Spruce Meadows and the Ghost of Eadweard Muybridge

Only after returning from a trip to Alberta and looking at the long line of photos of equestrian events from Spruce Meadows did it occur to me that the ghost of Eadwear Muybridge haunts all who follow in this task. No matter how artistic the enterprise, trying to stop a horse in motion is always discursively linked to “Muybridge’s Horse,” as Rob Winger’s poem / ode / biography is called. It is, however, very annoying to see constant references to Muybridge (google “Muybridge horse” for a quarter-million hits) always leaping to the conclusion that he invented or led to motion pictures. While there is some truth in this, it is the stopping of motion that is truly remarkable in Muybridge’s equestrian enterprise. By developing shutter mechanisms that could stop motion faster than the eye could perceive it, Muybridge could “objectivize” the camera as a more powerful recorder of “truth” than our own eyes.

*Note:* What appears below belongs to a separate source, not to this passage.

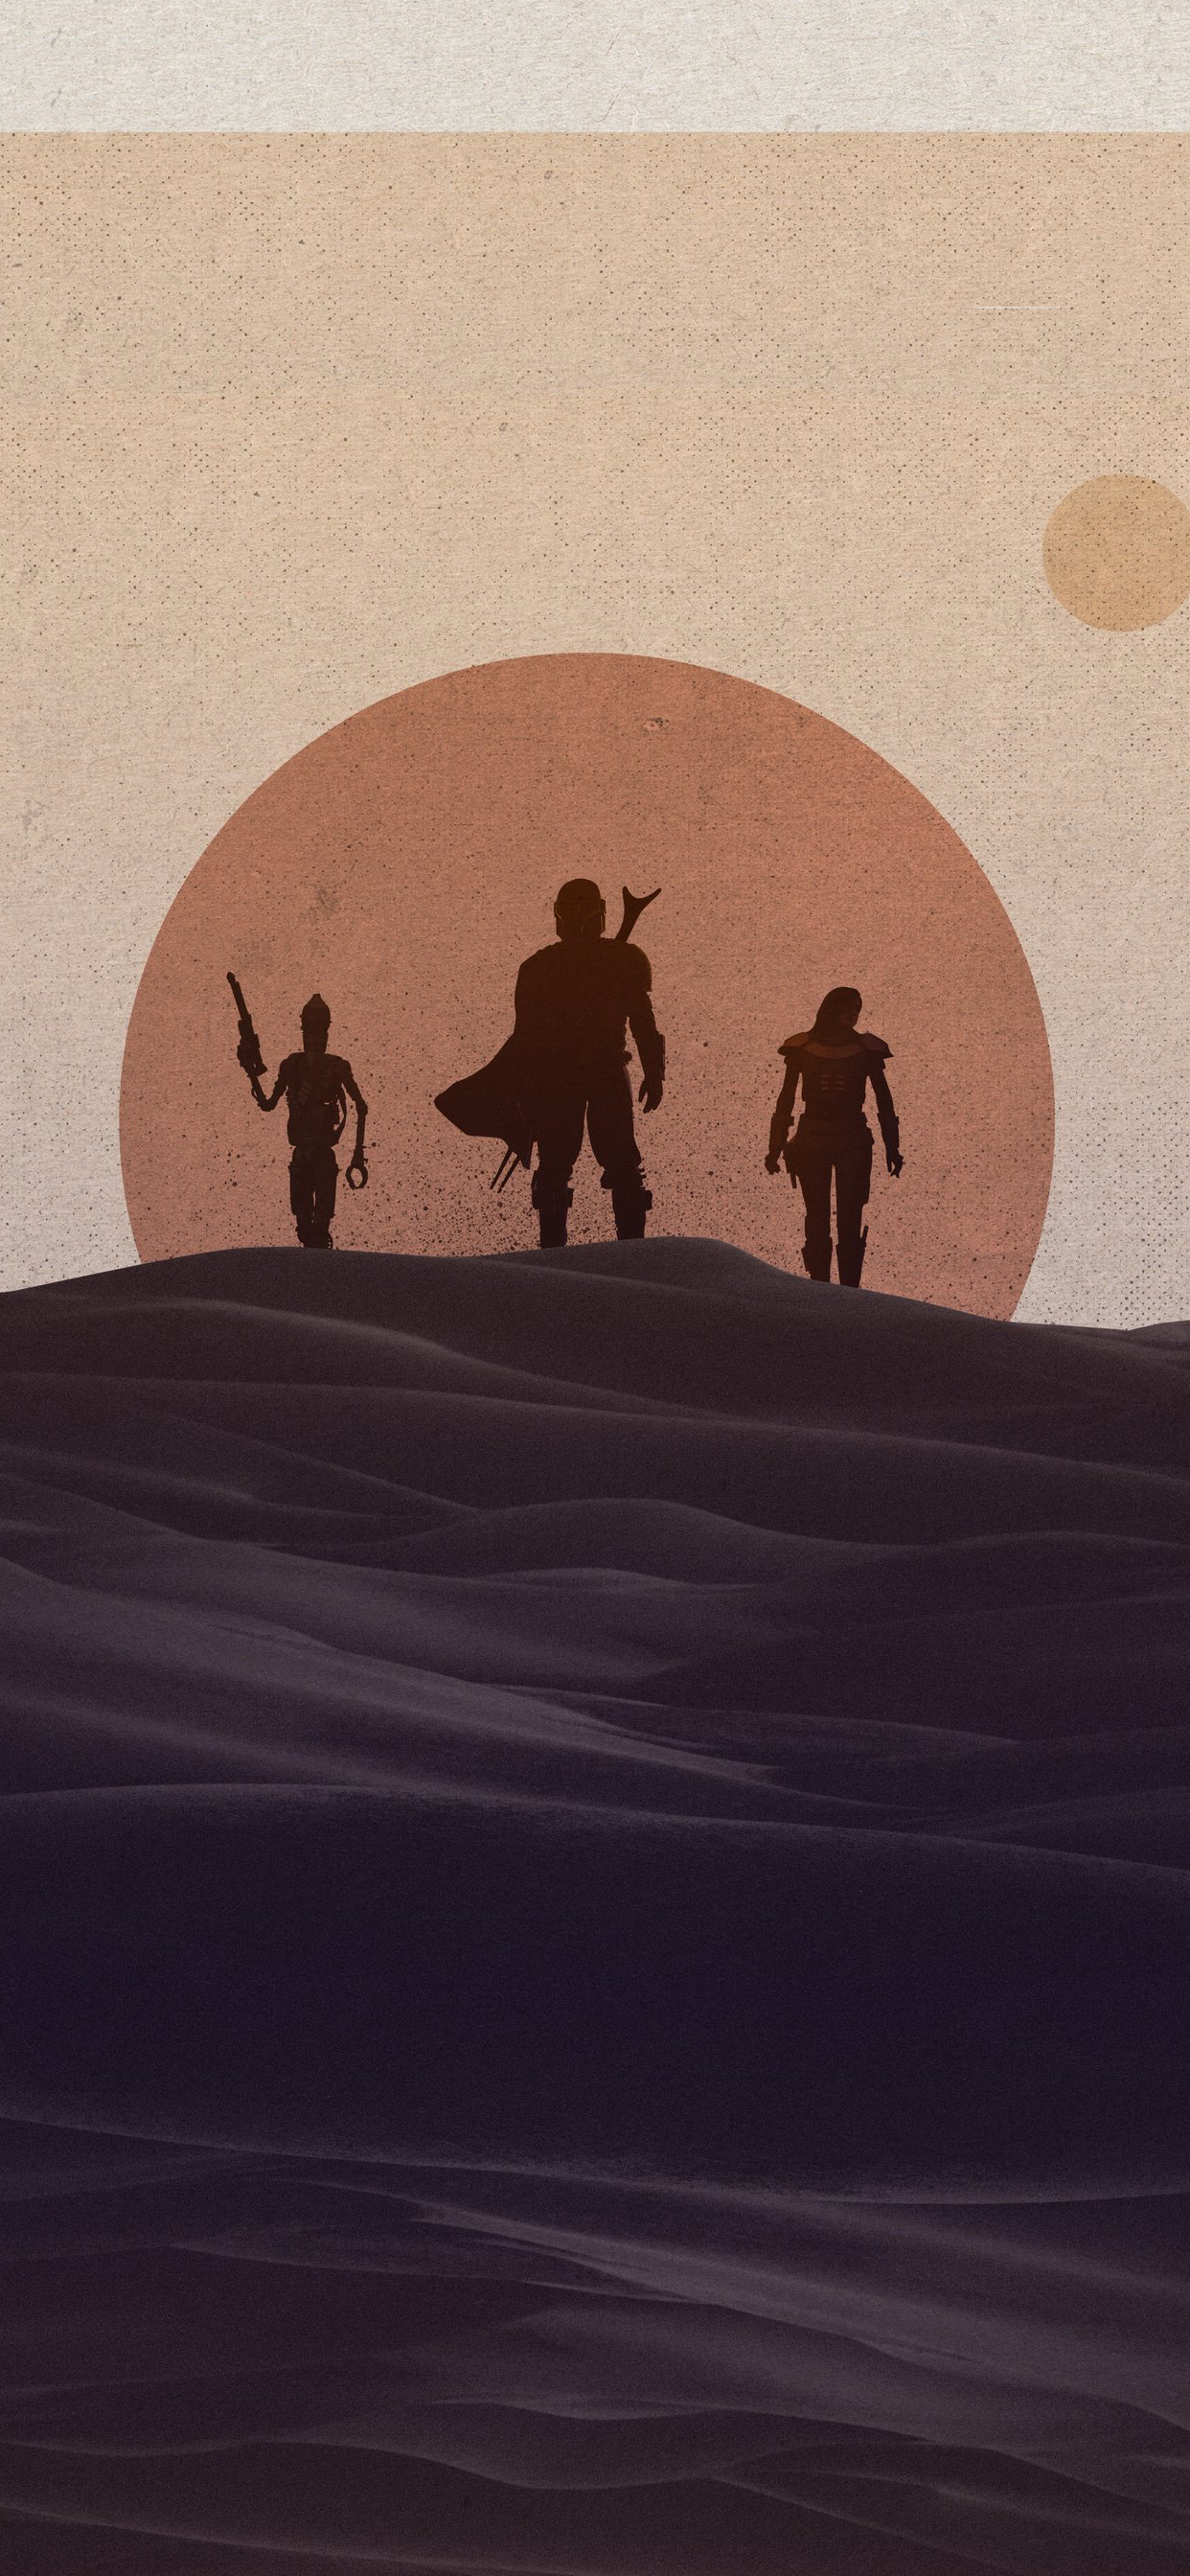 Disney-Star-Wars-Mandalorian-iPhone-Wallpaper-sunset-needledesign

I don’t often work with super fast shutter speeds, but they require something different from the photographer. More anticipation of the moving subject, different focusing systems (it forced me to start using the “AI Servo” setting – for once!), a sense that you’re taking a picture of something that you’re never entirely “seeing” until you see the film / file / preview later. At Spruce Meadows, the thunder of horse hooves, fluid motions over the jumps, the clacks and crashes of the bars seem at odds with the still photographs that are stripped of sound and movement. The stopping of motion opens the field of view to horses’ veins, riders’ faces, and the contemplation of impossibly close spatial relations between the bars and the hooves. Stopping the motion is an inauthentic intrusion upon something never intended to be stopped. It is also an aesthetic desire that is both descended from Muybridge’s extreme externalization (the horse tripped the shutters set on strings) and a marked rejection of it through an urge to “capture” the moment, to frame the romance of equestrianism in all of its splendour. In part it is art v. science, but it is also a matter of embodying the photographer to frame the view, or separating the process of image creation entirely from human touch and letting the horse decide what is to be taken. After 3 hours of moderate frustration at trying to capture anything, I’m not sure if the horses were there for me or if I was there for the sake of the horses.

No good shots of Ian Miller, but did see his final ride to win the North American. These other shots will have to do.

Plebeians like me don’t get to take pictures from the middle of the ring. But capturing the “court” photographer in action struck me as pretty funny. Even funnier is the little box in the middle of the ring where the sponsors, ground owners, and other aristocrats get to sit.